トランプ大統領はSNSで「我々はホルムズ海峡を封鎖した」と宣言しました。厳密にはホルムズ全域の封鎖ではないのですが、あえて広義の表現を使うことで、国内向けには「強いアメリカ」を演出し、対外的にはイランに最大限の心理的圧力をかける狙いが見えます。大統領は「合意なければ継続」「最大限の経済圧力を維持する」と繰り返し、強硬姿勢を崩していません。
封鎖による効果は即座に表れました。ホルムズ海峡の1日あたり通航数は、平時の90〜110隻から、10隻前後にまで激減。6隻以上が米軍から引き返しを命じられています。これは1980年代のタンカー戦争以来の、海峡における通航量の歴史的減少です。

4. なぜ今なのか 2月28日攻撃から4月封鎖までの60日間
2026年4月のホルムズ封鎖事案を理解するには、この2カ月間に何が起きたかを時系列で追う必要があります。

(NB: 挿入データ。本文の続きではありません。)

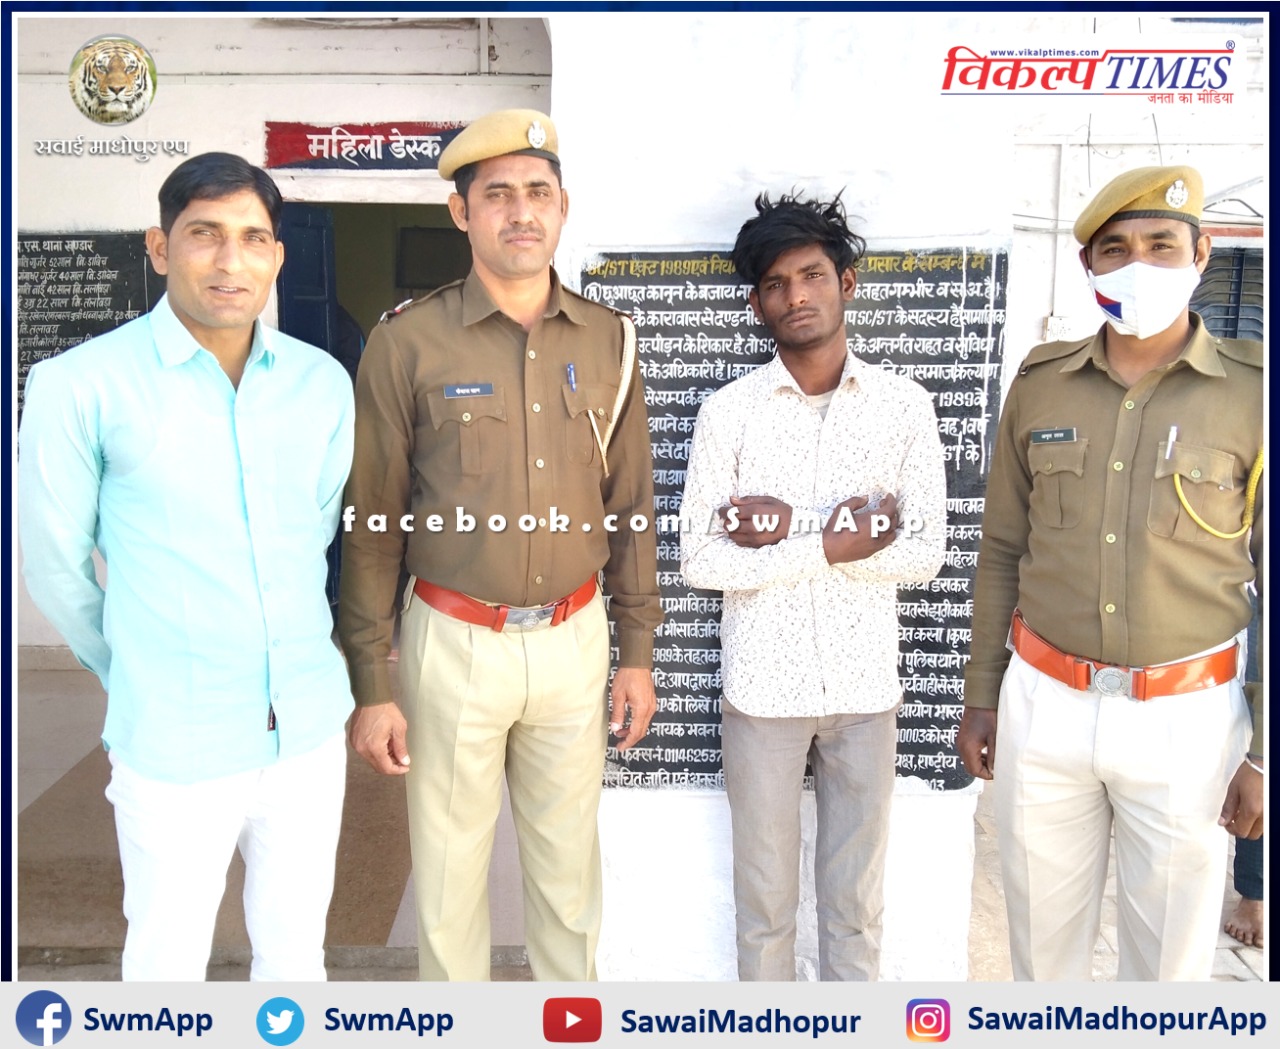 Police arrested accused of daylight robbery in just 24 hours in khandar sawai madhopur

2026年2月28日、米国とイスラエルが合同でイランへの大規模軍事作戦を開始しました。標的はイランの防空網、弾道ミサイル施設、核関連施設、IRGC司令部。合計で1万2,300件を超える攻撃が行われたと報じられています。これは、イランが中東全域の代理勢力を動かして行ってきた影響力行使への報復であり、同時にイランの核開発プログラムを物理的に後退させる目的を持った作戦でした。
攻撃を受けたイランは3月1日、革命防衛隊名義で「ホルムズ海峡を事実上封鎖する」と声明を出しました。実際には、機雷敷設や大規模な海上作戦までは行わなかったものの、海峡通航船舶への威嚇射撃や無人機・高速艇による接近事案が連発しました。世界の海運業界は一斉にホルムズ通過を控え、3月上旬のわずか1週間で通航量は4割減となったのです。

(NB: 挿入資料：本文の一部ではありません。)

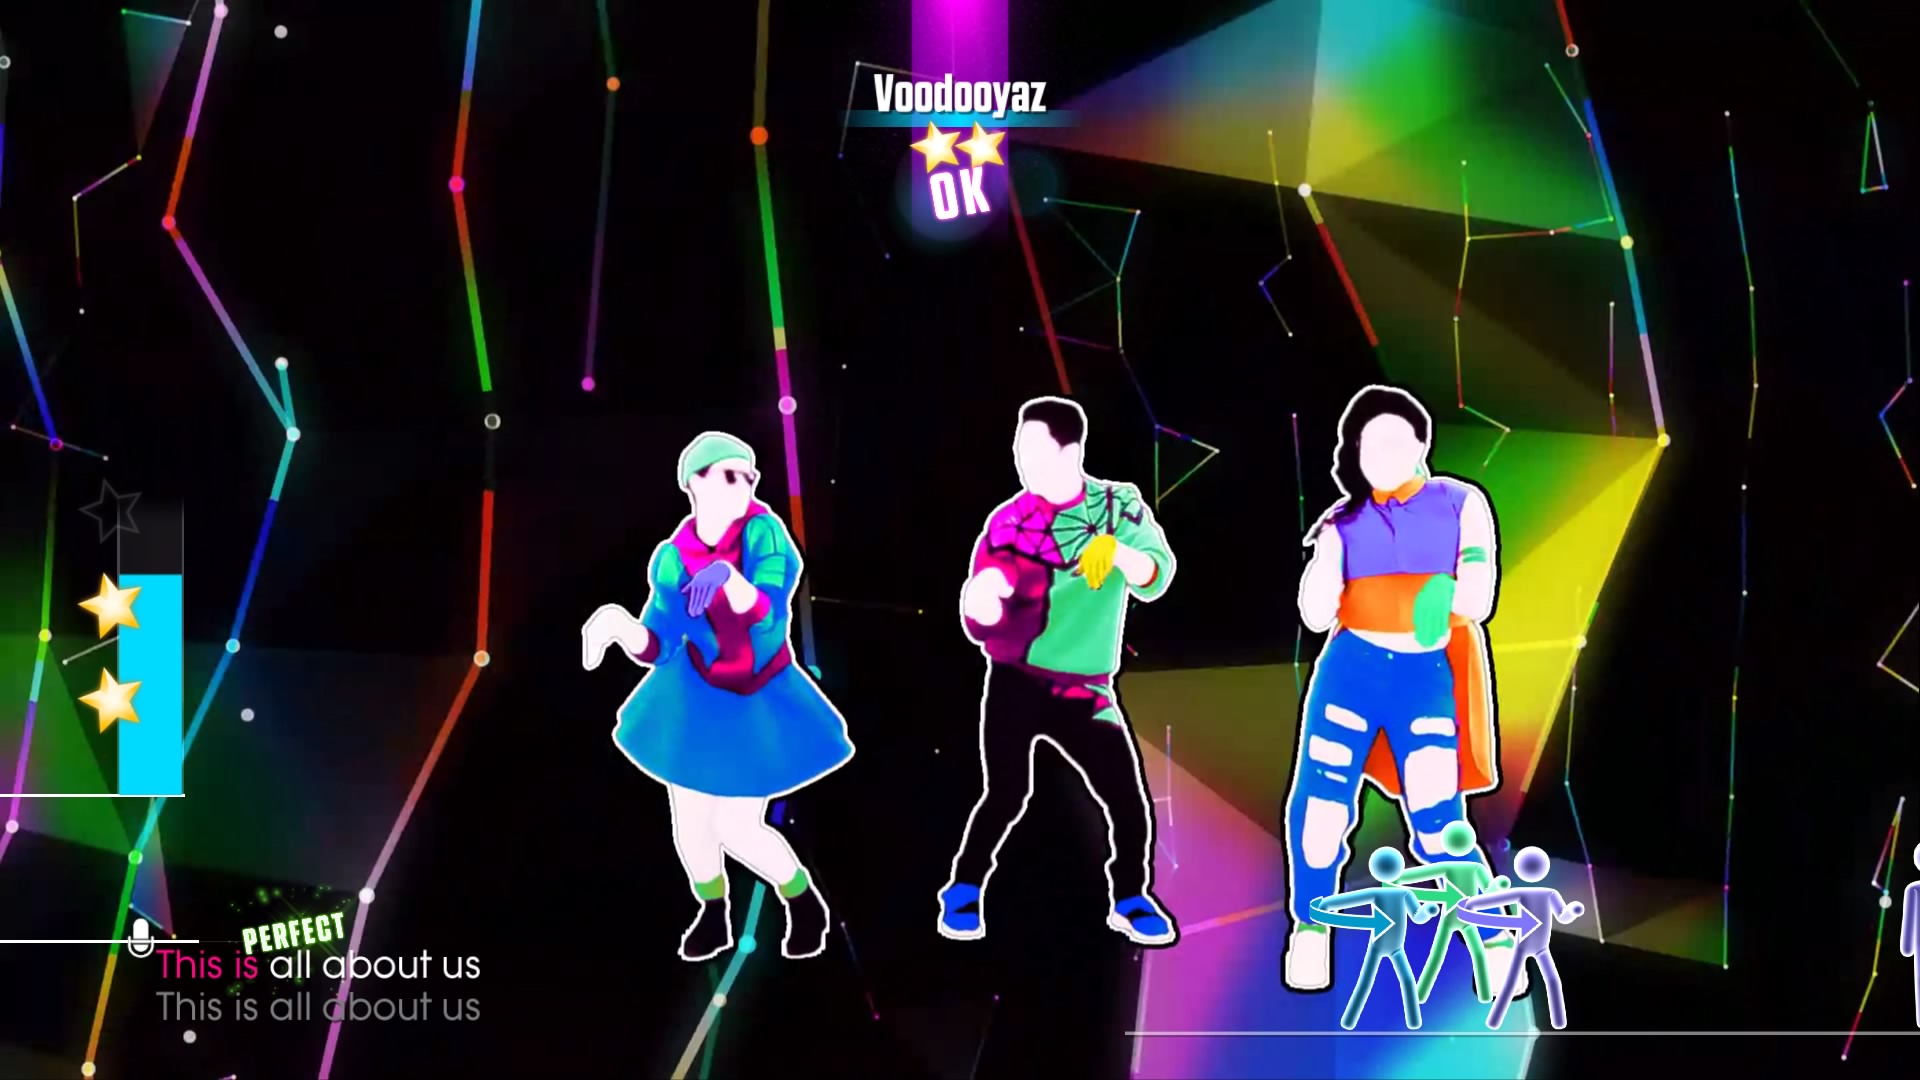 Pictures of Just Dance 2017 1/101920 x 1080

この緊張を受けて、3月中旬から米イラン間の停戦協議が水面下で進められました。仲介役はオマーン、カタール、そしてパキスタンです。2月末の攻撃直後から3月を通じて2度の直接協議があったとされ、4月7日にはトランプ大統領が「2週間の停戦合意に達した」とSNSで発表しました。この発表を受けて、WTI原油は4月7日の113ドル前後から、翌8日には91ドル前半へと、わずか24時間で19%の急落を見せました。
しかし、停戦は早くも破綻します。トランプ大統領は「イランが複数回、停戦条件に違反した」と主張。具体的には、イランが国内ウラン濃縮施設の稼働を止めていない、革命防衛隊の代理勢力が引き続き湾岸で軍事活動を続けている、などの理由を挙げました。イラン側はこれを全面否定し、「むしろ米国が停戦の精神を踏みにじっている」と反論。双方が相手を条約違反者と呼び合う、典型的な外交的ハングパターンに陥りました。

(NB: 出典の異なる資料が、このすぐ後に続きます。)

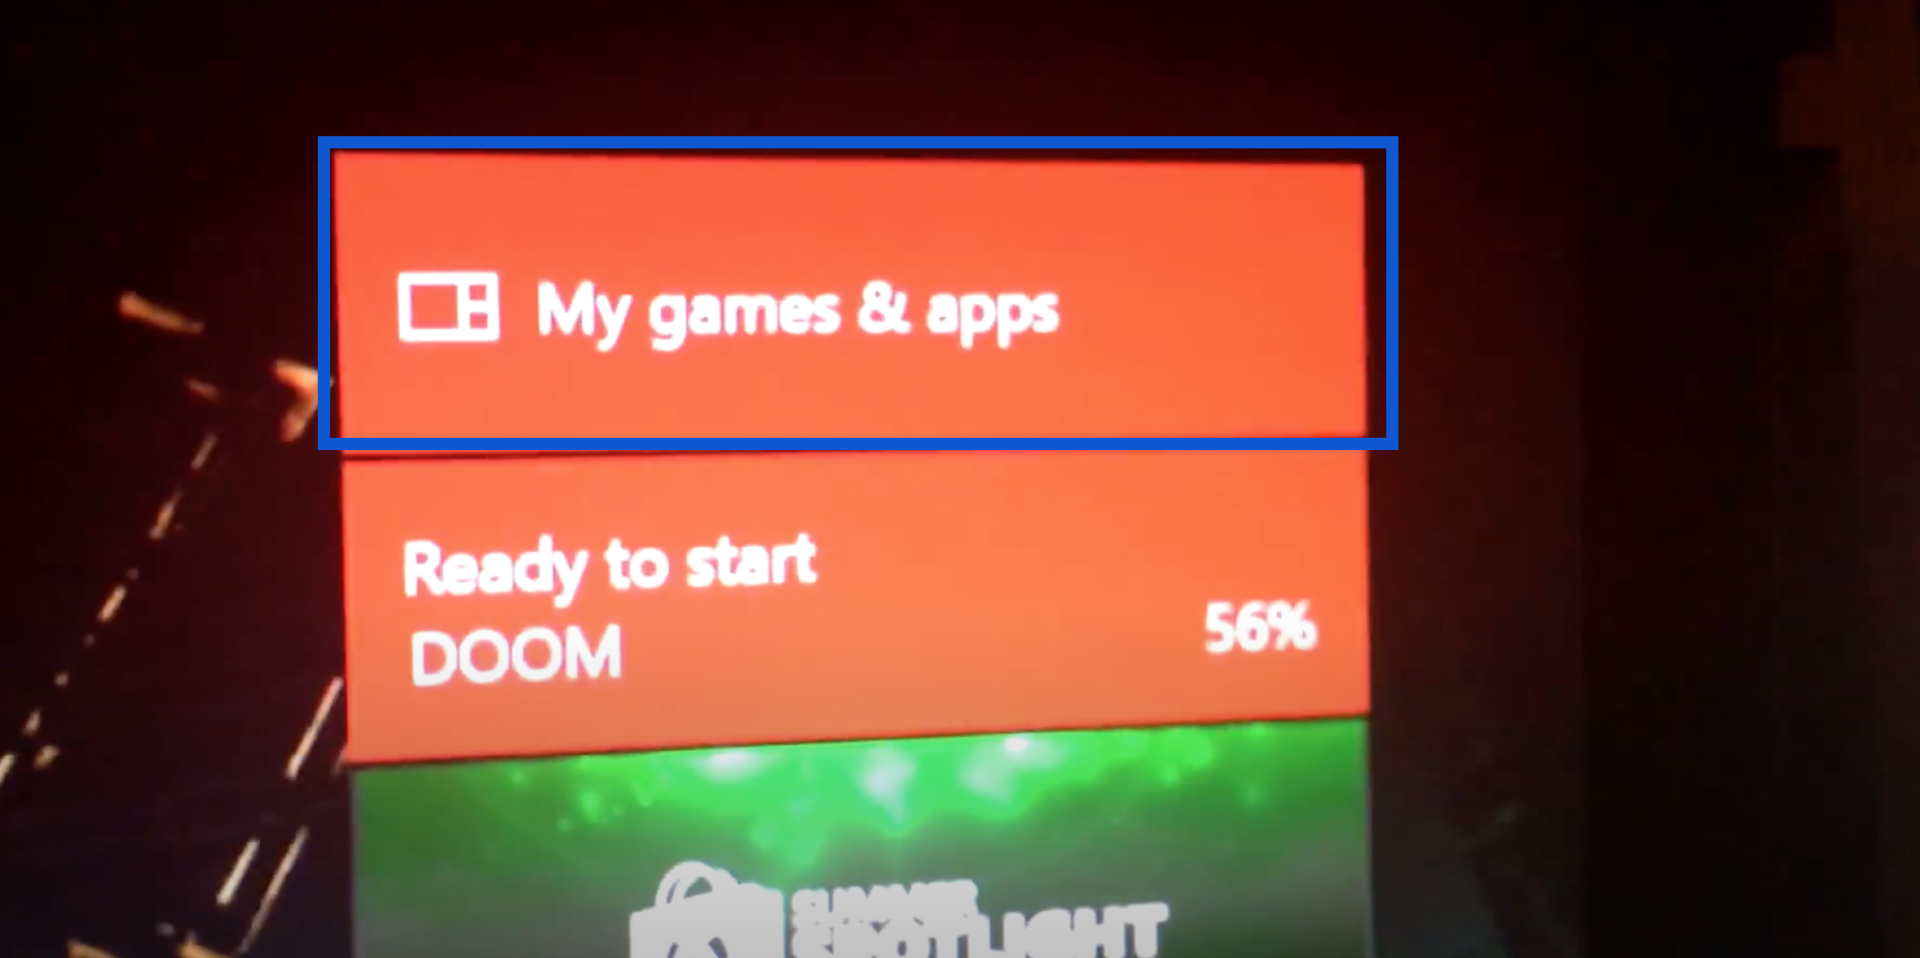 My games & apps in Xbox

そして4月13日、業を煮やしたトランプ政権はCENTCOMに海上封鎖を発動させました。「経済で勝つ」戦略への本格的な移行です。4月22日にはトランプ大統領が停戦期限を延長すると表明しましたが、同時に「延長の可能性は極めて低い」「提案がなければ攻撃を再開する」と釘を刺しました。イラン側はこれに反発し、アラグチ外相は「封鎖解除なしには第2回協議には参加しない」との姿勢を示しています。
こうした外交の膠着の中で、4月22日、ホルムズ海峡での船舶2隻拿捕が起きたのです。タイミングは偶然ではありません。停戦協議の行方が不透明になる中、イランは「自分たちには交渉の切り札がある」ことを示す必要がありました。拿捕はその「実力行使による宣言」だったのです。

5. 「双方向封鎖」という新しい構図 海峡で誰が誰を止めているのか
2026年4月のホルムズ海峡を特徴づけるのは、これまでの「片方向の封鎖」ではなく、米国とイランが互いに相手の通航を止める「双方向封鎖」の構造です。
米国は、CENTCOMの海上封鎖により、イラン港湾向けの船舶を止めています。これはイランの原油輸出と輸入物流を遮断し、経済を窒息させることが目的です。対するイランは、ホルムズ海峡全体を通過する船舶に対して、選別的な拿捕と威嚇を繰り返し、世界の海運業界に「ホルムズを通るなら安全は保証しない」というメッセージを送っています。両者が海峡の動脈を互いに握り合い、相手の動きを封じる構図です。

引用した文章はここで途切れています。